Three callback methods are involved in data processing: process()
,
completeEdge()
, and complete()
.
Processors can be stateful and do not need to be thread-safe. A single instance will be called by a single thread at a time, although not necessarily always the same thread.
process()
Jet passes the items received over a given edge by calling
process(ordinal, inbox)
. All items received since the last process()

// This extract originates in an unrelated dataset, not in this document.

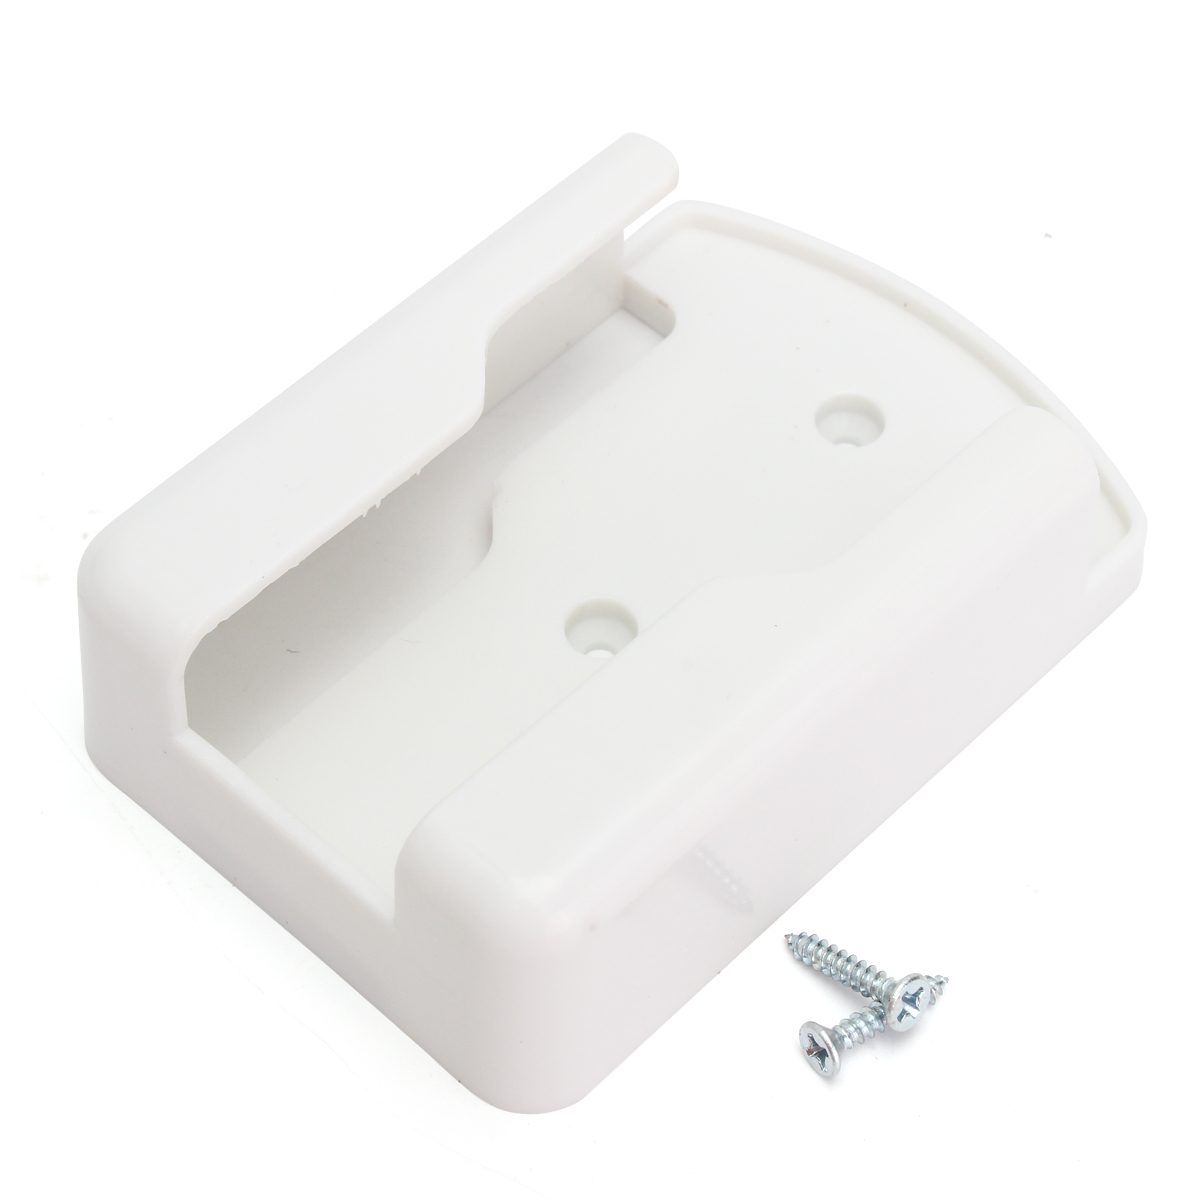 Universal-Air-Conditioner-Remote-Control-Holder-Wall-Mounted-Storage-Box-White-1130181-2

call are in the inbox, but also all the items the processor has not
removed in a previous process()
call. There is a separate instance of
Inbox
for each inbound edge, so any given process()
call involves
items from only one edge.
The processor should not remove an item from the inbox until it has
fully processed it. This is important with respect to the cooperative
behavior: the processor may not be allowed to emit all items
corresponding to a given input item and may need to return from the
process()
call early, saving its state. In such a case the item should
stay in the inbox so Jet knows the processor has more work to do even if
no new items are received.
completeEdge()
Eventually each edge will signal that its data stream is exhausted. When this
happens, Jet calls the processor's completeEdge()
with the ordinal of
the completed edge.
The processor may want to emit any number of items upon this event, and
it may be prevented from emitting all due to a full outbox. In this case
it may return false
and will be called again later.
complete()
Jet calls complete()
after all the edges are exhausted and all the
completeEdge()
methods are called. It is the last method to be invoked on
the processor before disposing of it. The semantics of the boolean
return value are the same as in completeEdge()
.